Data extracts:

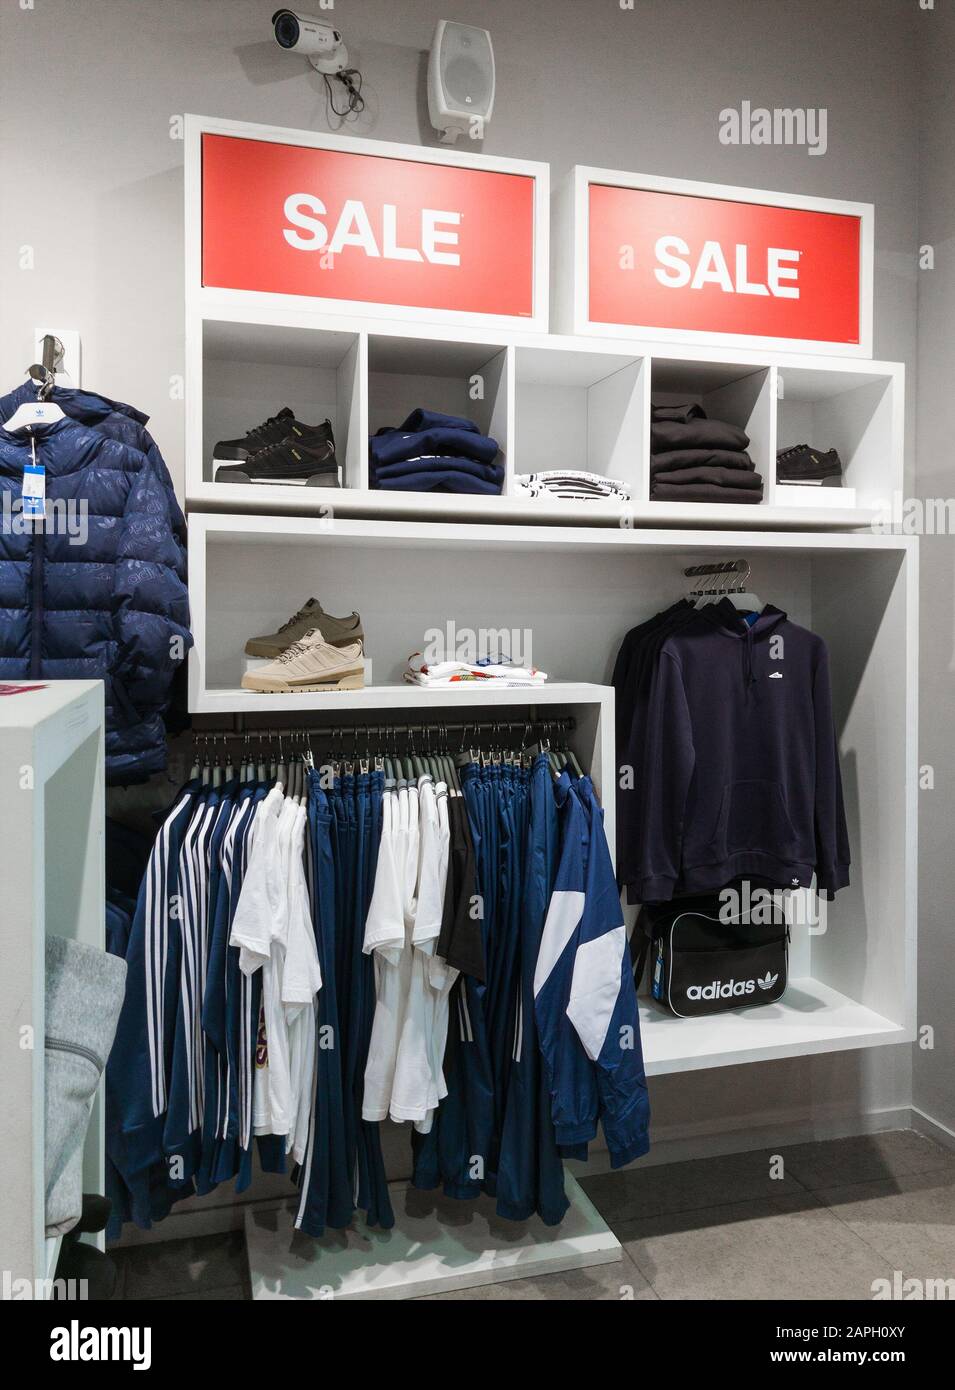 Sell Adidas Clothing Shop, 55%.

...

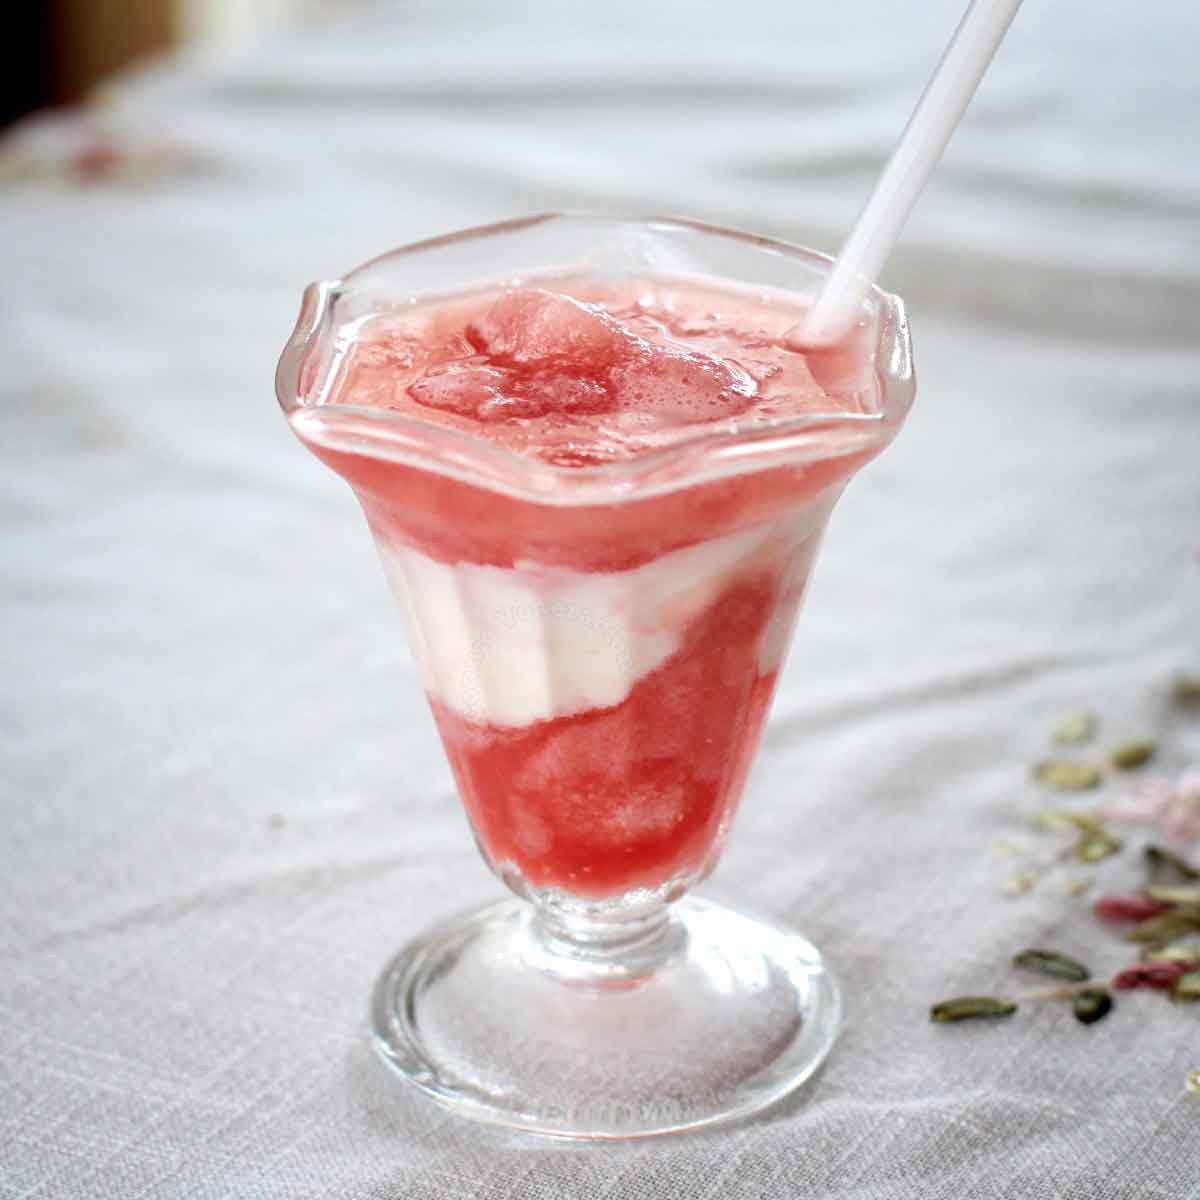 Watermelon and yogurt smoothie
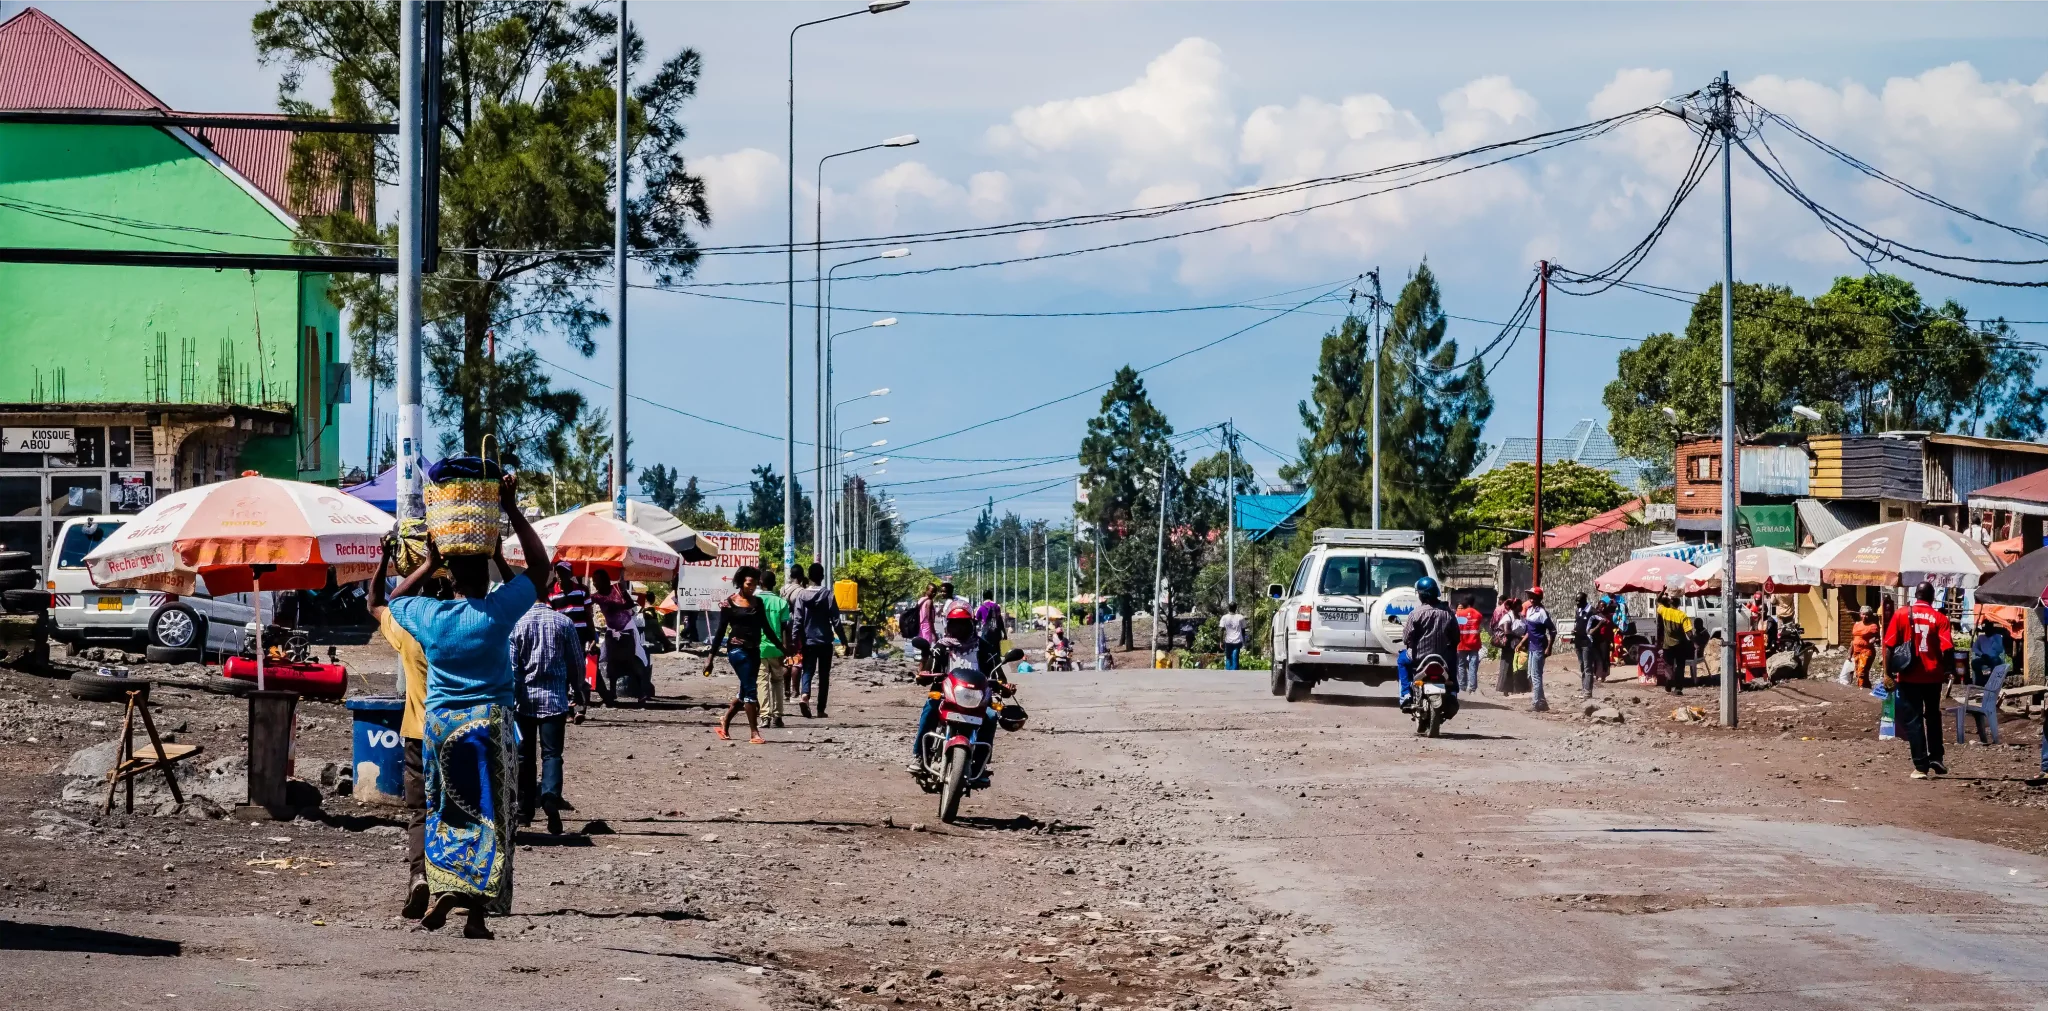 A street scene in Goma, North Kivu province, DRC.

==

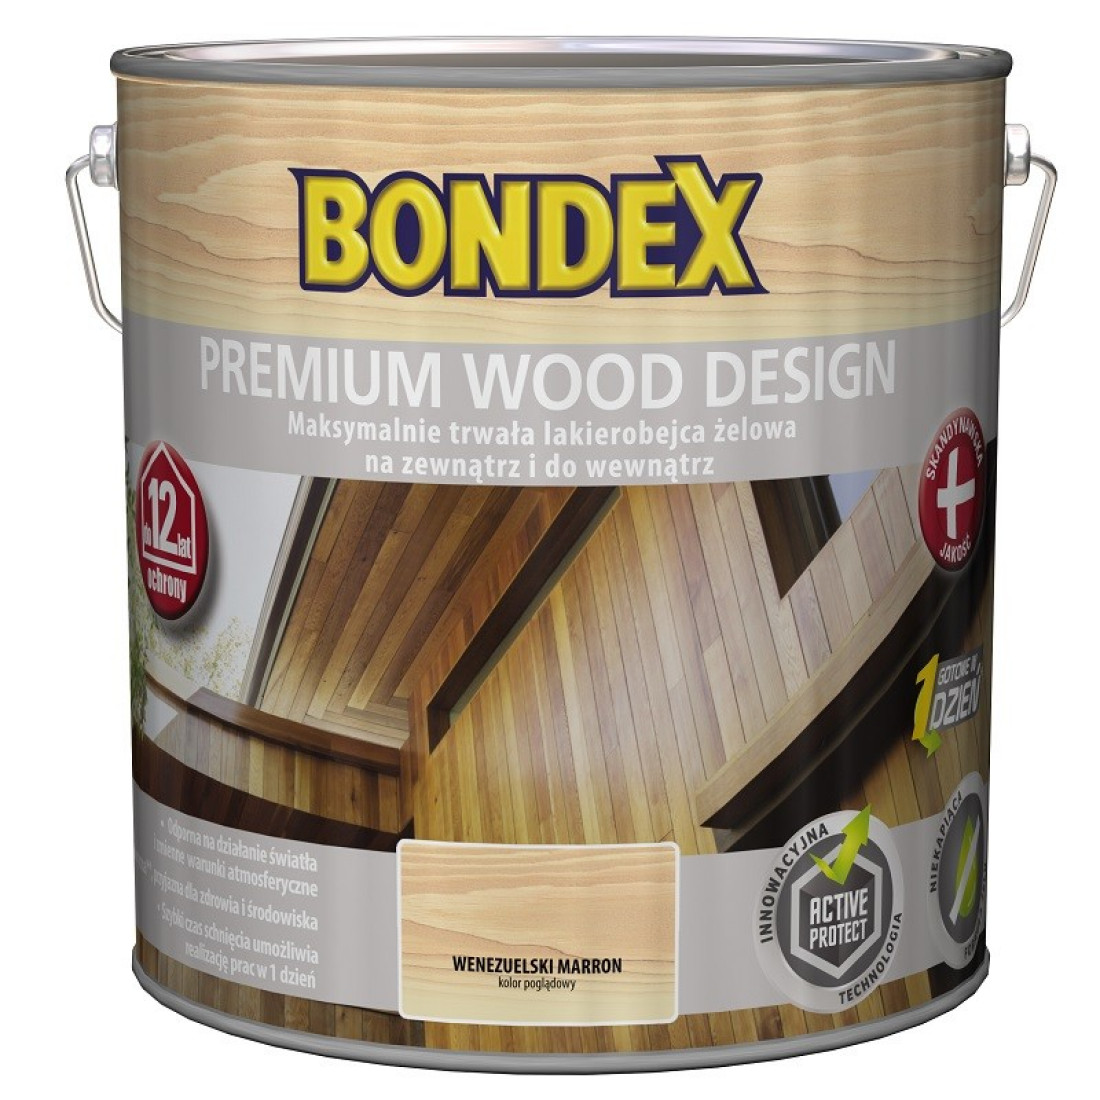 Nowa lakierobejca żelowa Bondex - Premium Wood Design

About this exercise: Print nothing except the lines above from the one containing "Watermelon and yogurt smoothie" down to the one containing "A street scene", both included, exactly as written and free of pictures.

Solution:
 Watermelon and yogurt smoothie
 A street scene in Goma, North Kivu province, DRC.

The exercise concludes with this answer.